- [TO DO] The records below need copying. Match each line exactly.
INFORMATION PROVIDED section start
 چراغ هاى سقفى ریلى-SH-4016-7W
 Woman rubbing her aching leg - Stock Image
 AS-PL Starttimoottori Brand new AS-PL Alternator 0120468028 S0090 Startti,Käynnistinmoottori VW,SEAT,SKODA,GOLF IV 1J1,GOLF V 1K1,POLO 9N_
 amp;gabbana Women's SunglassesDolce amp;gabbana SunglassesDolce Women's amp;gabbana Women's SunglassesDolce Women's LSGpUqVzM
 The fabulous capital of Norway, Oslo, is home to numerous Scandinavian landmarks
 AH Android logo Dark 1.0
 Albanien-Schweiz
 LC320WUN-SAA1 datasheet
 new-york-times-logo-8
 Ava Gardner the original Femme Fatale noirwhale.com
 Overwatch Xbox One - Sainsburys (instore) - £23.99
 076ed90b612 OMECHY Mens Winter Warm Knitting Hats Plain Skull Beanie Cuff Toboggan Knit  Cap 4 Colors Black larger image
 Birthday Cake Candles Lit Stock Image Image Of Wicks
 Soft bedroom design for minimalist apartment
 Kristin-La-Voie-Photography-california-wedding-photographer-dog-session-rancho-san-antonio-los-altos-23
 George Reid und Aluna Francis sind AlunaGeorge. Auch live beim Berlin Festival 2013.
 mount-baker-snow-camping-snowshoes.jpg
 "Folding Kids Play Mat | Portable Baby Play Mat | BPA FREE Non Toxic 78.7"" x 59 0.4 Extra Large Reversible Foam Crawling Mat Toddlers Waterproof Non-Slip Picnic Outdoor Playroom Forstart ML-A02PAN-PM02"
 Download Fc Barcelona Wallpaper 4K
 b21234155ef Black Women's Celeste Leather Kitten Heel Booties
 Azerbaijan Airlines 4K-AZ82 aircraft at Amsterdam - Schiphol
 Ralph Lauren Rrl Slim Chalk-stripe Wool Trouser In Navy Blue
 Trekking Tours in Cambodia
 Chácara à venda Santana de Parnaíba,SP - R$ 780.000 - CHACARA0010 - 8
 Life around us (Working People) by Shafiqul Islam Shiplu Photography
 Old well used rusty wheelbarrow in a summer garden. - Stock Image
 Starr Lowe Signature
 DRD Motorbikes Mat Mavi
INFORMATION PROVIDED section end
- [ANSWER SPACE]
 چراغ هاى سقفى ریلى-SH-4016-7W
 Woman rubbing her aching leg - Stock Image
 AS-PL Starttimoottori Brand new AS-PL Alternator 0120468028 S0090 Startti,Käynnistinmoottori VW,SEAT,SKODA,GOLF IV 1J1,GOLF V 1K1,POLO 9N_
 amp;gabbana Women's SunglassesDolce amp;gabbana SunglassesDolce Women's amp;gabbana Women's SunglassesDolce Women's LSGpUqVzM
 The fabulous capital of Norway, Oslo, is home to numerous Scandinavian landmarks
 AH Android logo Dark 1.0
 Albanien-Schweiz
 LC320WUN-SAA1 datasheet
 new-york-times-logo-8
 Ava Gardner the original Femme Fatale noirwhale.com
 Overwatch Xbox One - Sainsburys (instore) - £23.99
 076ed90b612 OMECHY Mens Winter Warm Knitting Hats Plain Skull Beanie Cuff Toboggan Knit  Cap 4 Colors Black larger image
 Birthday Cake Candles Lit Stock Image Image Of Wicks
 Soft bedroom design for minimalist apartment
 Kristin-La-Voie-Photography-california-wedding-photographer-dog-session-rancho-san-antonio-los-altos-23
 George Reid und Aluna Francis sind AlunaGeorge. Auch live beim Berlin Festival 2013.
 mount-baker-snow-camping-snowshoes.jpg
 "Folding Kids Play Mat | Portable Baby Play Mat | BPA FREE Non Toxic 78.7"" x 59 0.4 Extra Large Reversible Foam Crawling Mat Toddlers Waterproof Non-Slip Picnic Outdoor Playroom Forstart ML-A02PAN-PM02"
 Download Fc Barcelona Wallpaper 4K
 b21234155ef Black Women's Celeste Leather Kitten Heel Booties
 Azerbaijan Airlines 4K-AZ82 aircraft at Amsterdam - Schiphol
 Ralph Lauren Rrl Slim Chalk-stripe Wool Trouser In Navy Blue
 Trekking Tours in Cambodia
 Chácara à venda Santana de Parnaíba,SP - R$ 780.000 - CHACARA0010 - 8
 Life around us (Working People) by Shafiqul Islam Shiplu Photography
 Old well used rusty wheelbarrow in a summer garden. - Stock Image
 Starr Lowe Signature
 DRD Motorbikes Mat Mavi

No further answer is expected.